South Africa’s debut as top dogs in the Test world fell flat in Brisbane, their much-vaunted pace attack managing to prise only five wickets in the draw to leave the hosts claiming a moral victory and the momentum ahead of the second Test in Adelaide, which started on Thursday.
That Test started badly for South Africa, with Australia captain Michael Clarke and David Warner both making quick centuries — with Warner smashing 119 off just 112 balls. Ricky Ponting’s woes continued, however, as he made just four runs in three balls before being bowled out. At tea Australia were 280 for four with Clarke unconquered on 104 and Mike Hussey not out 34. The home side added a blistering 178 runs off just 26 overs in the middle session.
Smith said on Wednesday: "The great thing is that there is respect for our performance.
"I think if we had travelled a few years ago and drawn a Test match anywhere else in the world, people would have been raving about it. For us a disappointment in a draw is good; it shows people expect us to play well and that’s exciting for us.
"We come to Adelaide knowing there are a few areas where we can definitely improve on and we’ve had some good discussions about that.
"But in terms of the No1 ranking, we know that it’s going to be a process of us performing well for a period of time and this is the big challenge for us and if we come through Australia having been successful, then it will give us a great opportunity to create something."
Life has been tough at the top of Test cricket, with both India and England relinquishing the premier ranking in little more than a year.
Since taking over the captaincy from Shaun Pollock in 2003, Smith has spent eight years piloting the Proteas’ steady rise to the summit, but could ultimately see his team lose their foothold should Australia win the series.
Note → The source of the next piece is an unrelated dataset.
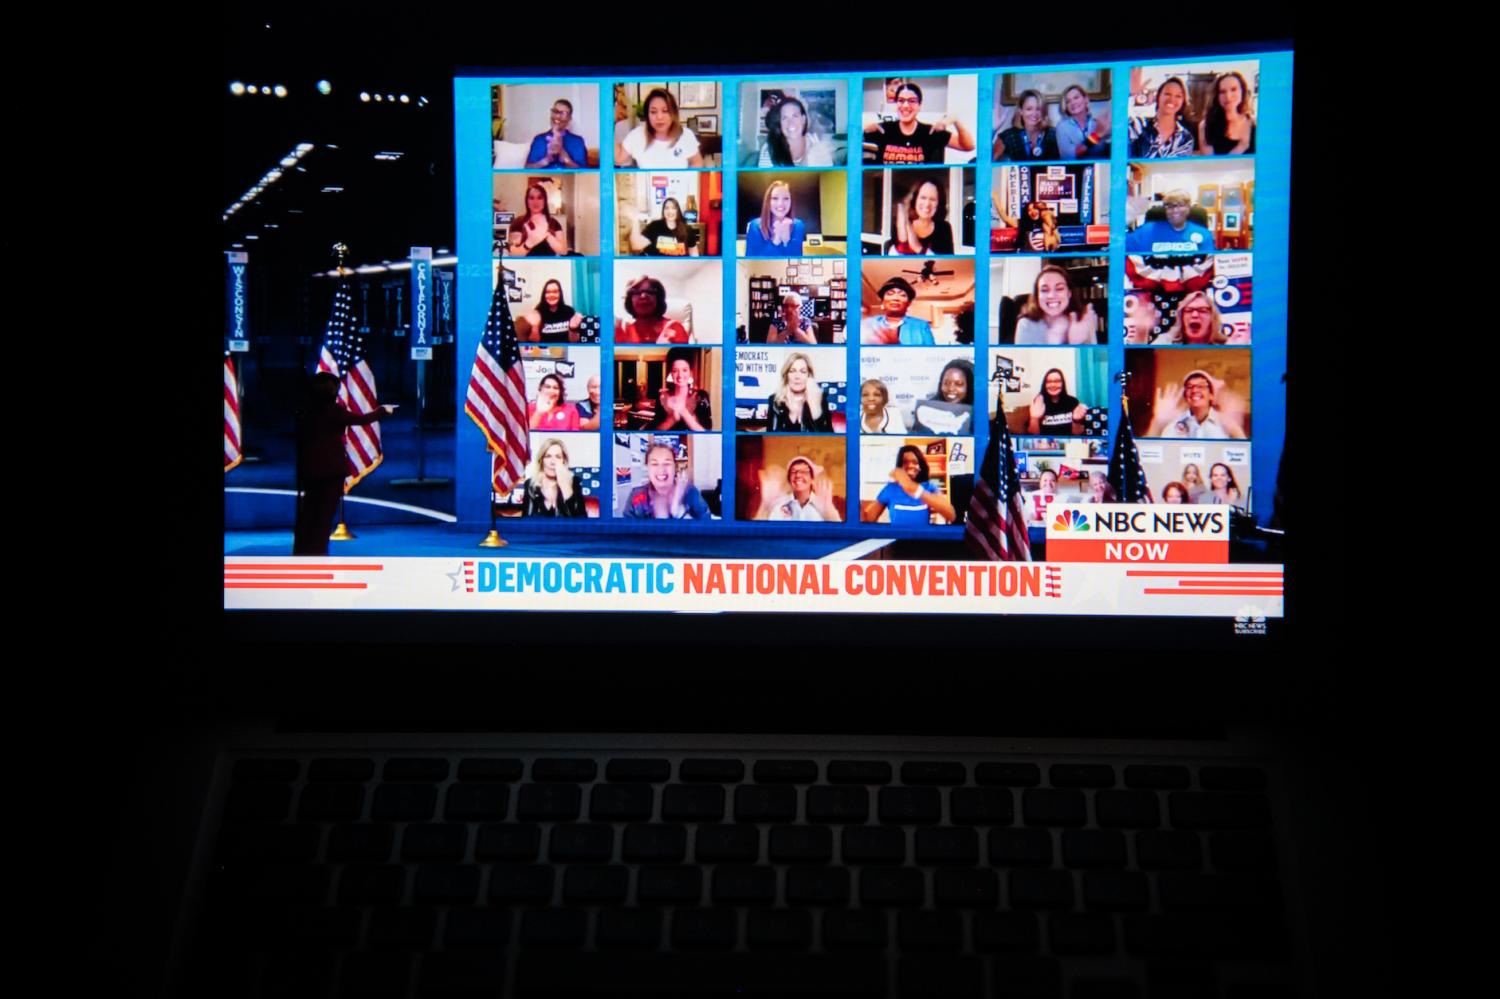 A photo illustration of a laptop computer screen shows Senator Kamala Harris waving to virtual watch party attendees after accepting the Vice Presidential nomination from the Democratic Party, on the third night of the 2020 Democratic National Convention, which is being held almost entirely virtually, in Washington, D.C., on August 19, 2020, amid the Coronavirus pandemic. Before Sen. Kamala Harris officially accepted the Vice Presidential nomination, major Democratic Party figures spoke on night three of the virtual convention, including Speaker Nancy Pelosi, Former President Barack Obama, Senator Elizabeth Warren and Hilary Clinton. (Graeme Sloan/Sipa USA)No Use UK. No Use Germany.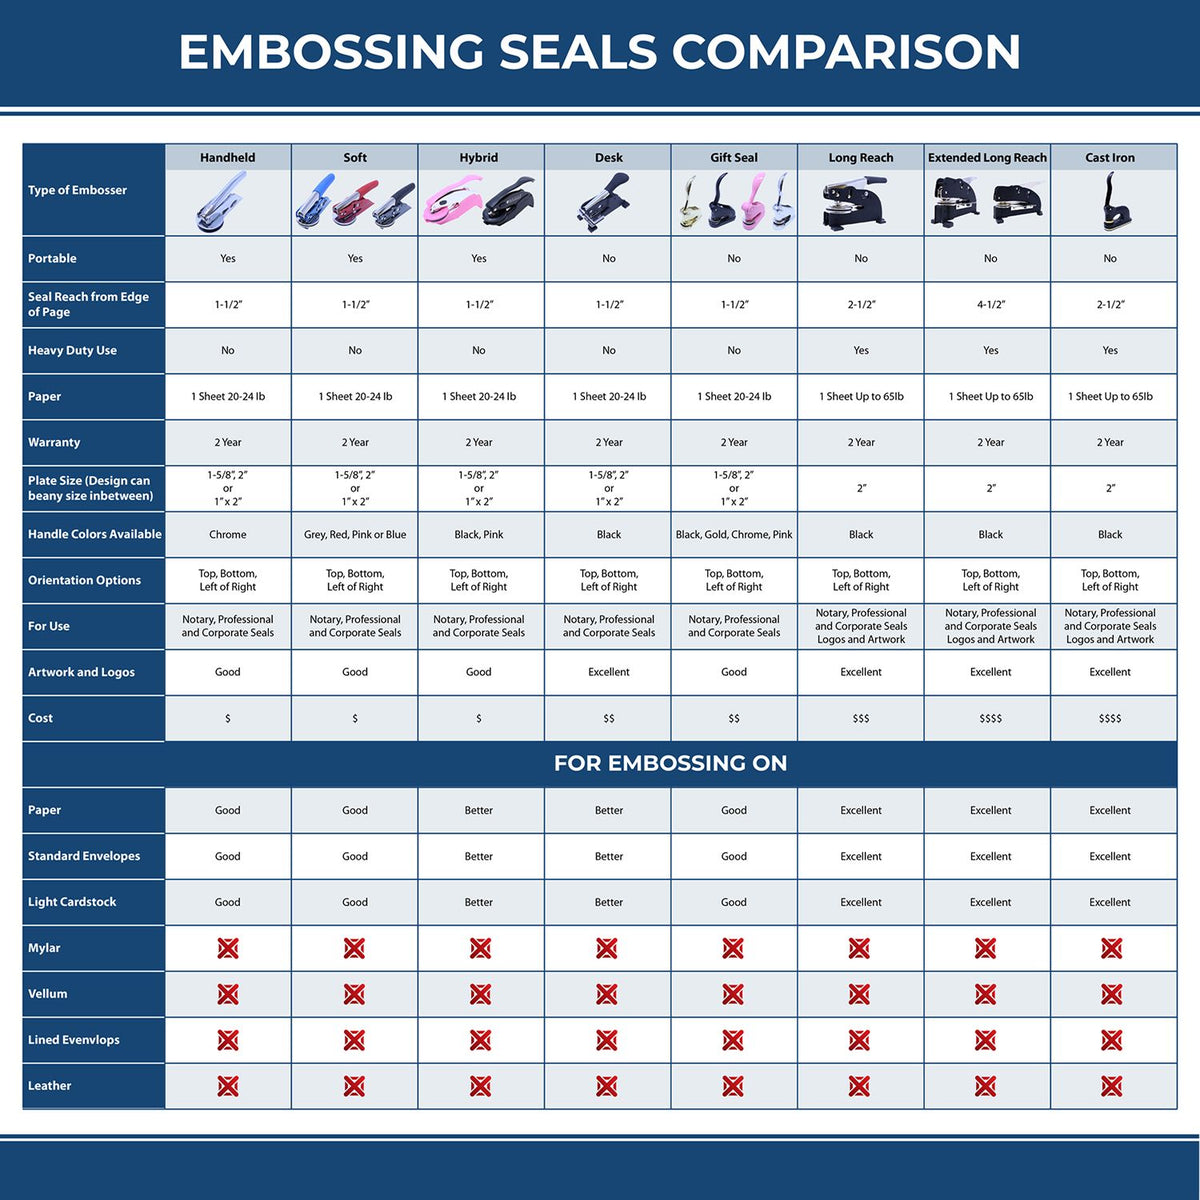 A comparison chart for the different types of mount models available for the Gift Washington Landscape Architect Seal

Their short reign has already been undermined by team selectors, who overlooked Imran Tahir in favour of a four-prong pace attack that drew little from the Gabba wicket. Smith said it was "back to normal" with Tahir’s reinstatement at Adelaide.
Clarke on Wednesday denied any rift with vice-captain Shane Watson as the all-rounder was ruled out of the second Test. Watson has been troubled by a calf injury and tried this week to prove his fitness after missing the drawn series opener in Brisbane earlier this month.
But Clarke said doubts about Watson’s injury prompted Australia to go with an unchanged team for the second Test in Adelaide. "He has improved a lot over the last few days ... but is probably a few days short of being 100%," Clarke said.
The captain dismissed speculation of a rift with Watson, stressing there was no communication breakdown with his deputy.
"Watto and I, our friendship and our professional relationship when it comes to captain and vice-captain, is as close as I can certainly ask for."
Senior batsman Ponting warned this week against playing a not fully fit Watson, saying it would place too much pressure on his team-mates.